I don’t know what to make of all this, and I certainly don’t expect anyone else to understand why the loss of this little squirrel still torments me so. It’s a pain that I keep secreted away in tight bindings in a dark corner of my mind, because I’ve spent so much time obsessing about the subject. To a lot of heartless people I’m being silly, but I couldn’t give a damn what anyone thinks about me grieving over Spartacus. He was my friend. In many ways I felt like he was my son. His life was supposed to be long and happy. Hardly a day goes by that I don’t sit out there in the back yard feeding peanuts to the squirrels that I don’t feel a sharp pang of longing for those days I thought I’d spend out there feeding peanuts to Spartacus. I still miss watching him come skittering down the tree when he’d see me out there in the yard, so that he could climb up on my shoulder and stick his cold nose into me ear or play excitedly in my long hair. Sometimes I look up into the trees and pretend that he’s still up there somewhere.
Perhaps this is a loss most people can’t understand. But it’s very real to me. I won’t apologize for it. I’ve had people tell me my whole life that I was silly, or that I was a dreamer, or that I was weird because I solemnly marked the passage of the most insignificant of creatures. But I’ve noticed that those people have most often turned out to be some of the worst human beings I’ve ever known. Anyone who thinks my grieving is silly is most likely missing some part of their basic humanity. The ability to feel this kind of love and empathy for a small, wild creature is the very definition of what makes us human.
If nothing else, in having that moment out there in the dark, crying as I listened to the rain and so pointedly feeling that emptiness, I was reminded of the simple reason for this upcoming chapter in the book. It’s meant to be a moment where this cold-blooded killer reminds himself of what it means to be human, by simply sitting there and enjoying a quiet moment and a few cashews with a little squirrel, whom he considers one of his dearest friends. I intend the squirrel in this book to be an homage to Spartacus, so that he might live on in some small way.
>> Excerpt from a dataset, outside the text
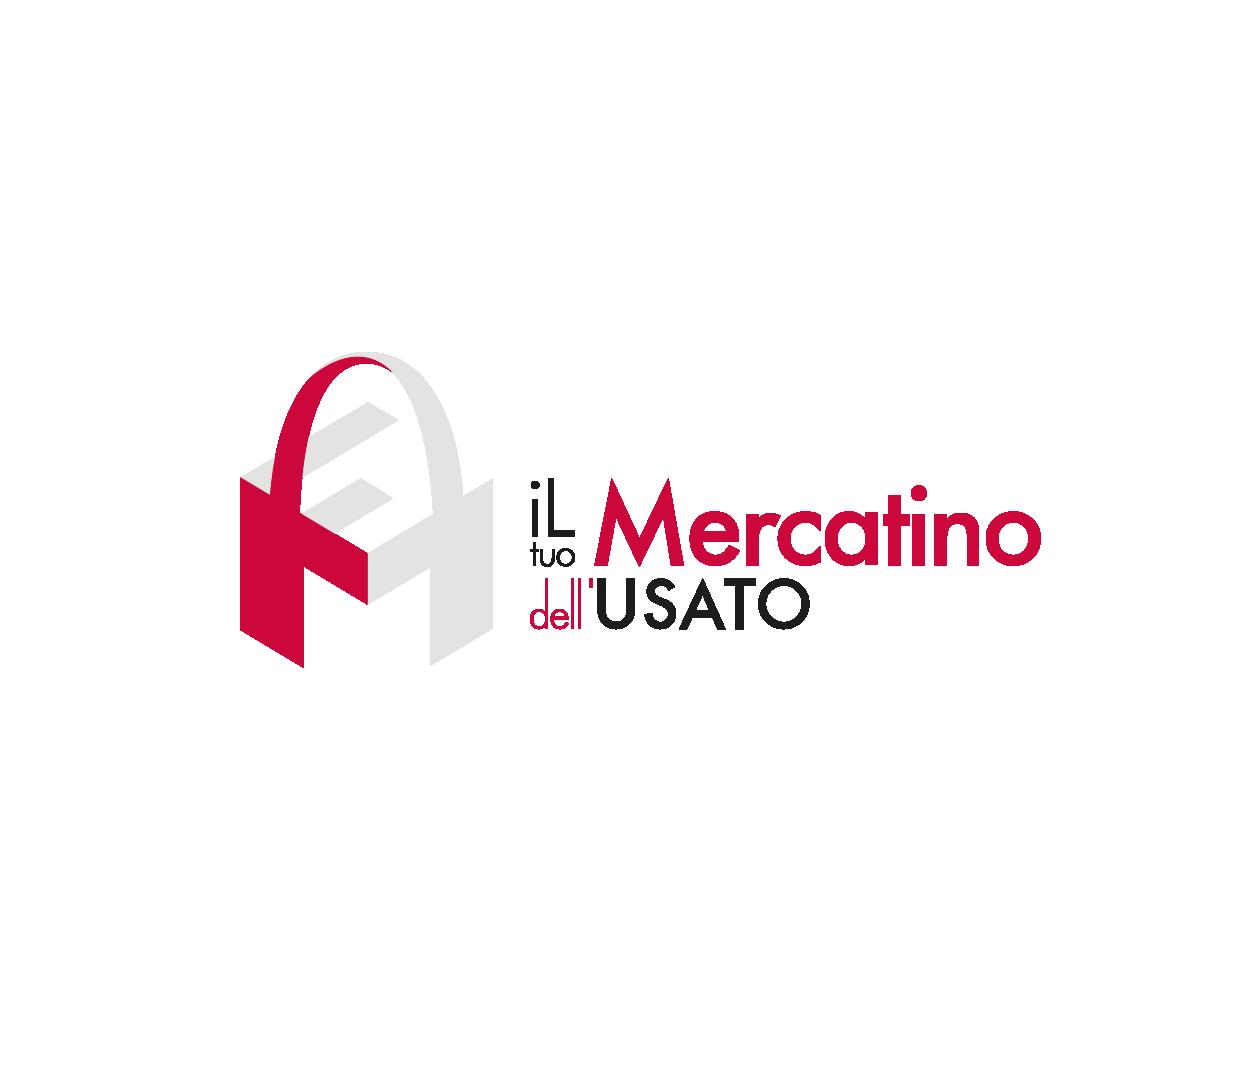 Il mercatino dell usato logo 02 for Mercatino dell usato caserta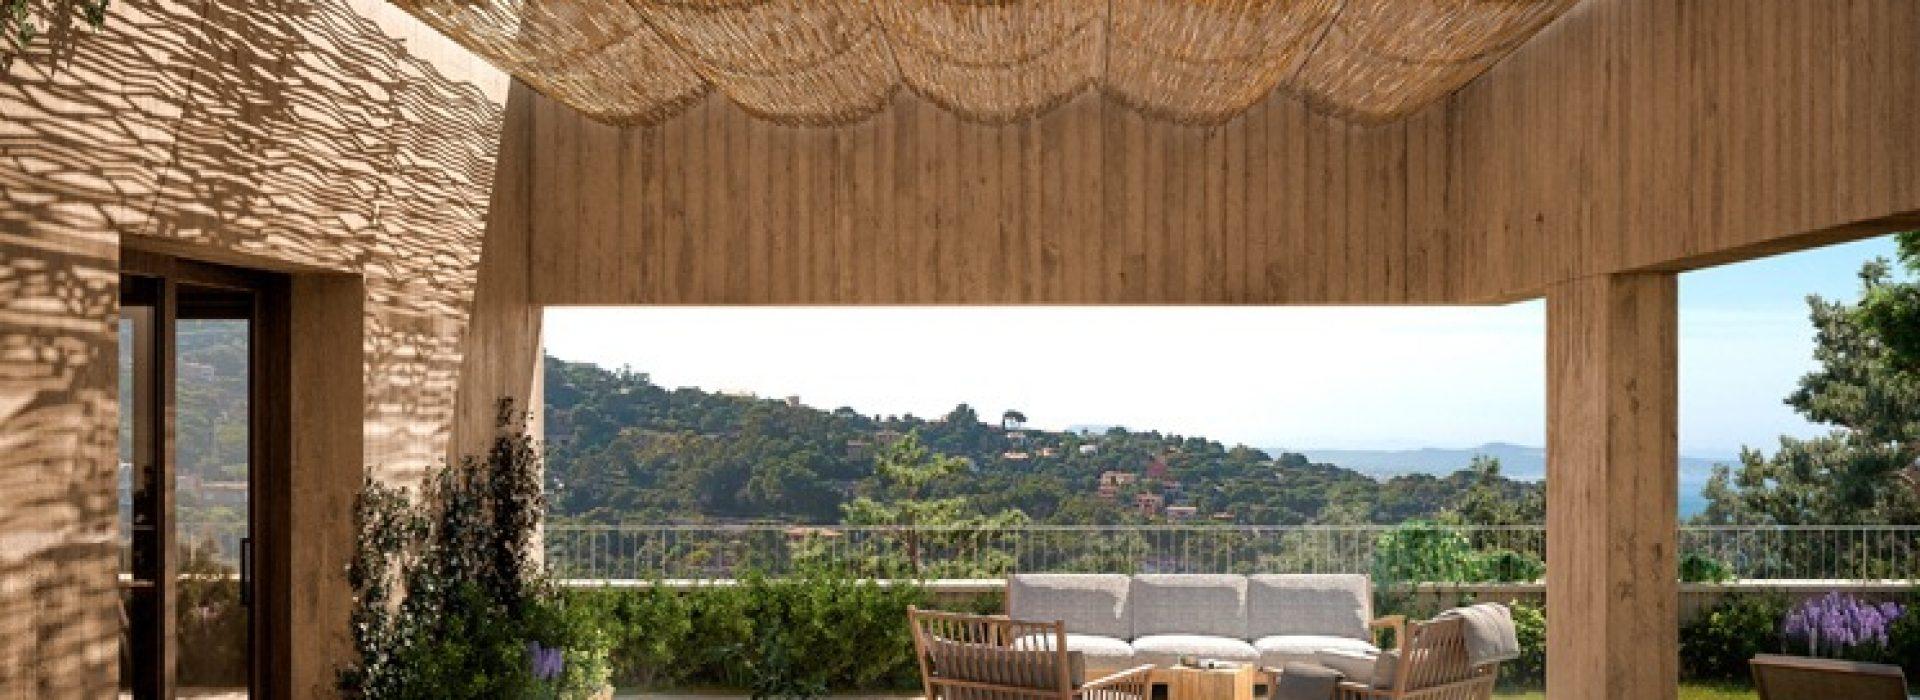 Terraza de Jardins de Sa Riera promoción inmobiliaria de obra nueva en Begur. TR Grupo Inmobiliario.

I suppose, in the end, what upsets me most is the realization that writing that part of this chapter will be the last real moment I will ever spend with Spartacus, in that it will be a summation of what I felt for him and what I believe he felt for me. I’m transferring that to a fictional character, because that’s a good way to share that relationship with the world. But once it’s done I’ll likely never revisit those raw emotions again.
It’s still raining. I’m sleepy. Somehow I don’t feel like writing anymore. I wish I could go out there and sit in the dark and listen to the rain some more. But I know if I do Mischa will be circling my legs. I’ve already given her all that I can for the day.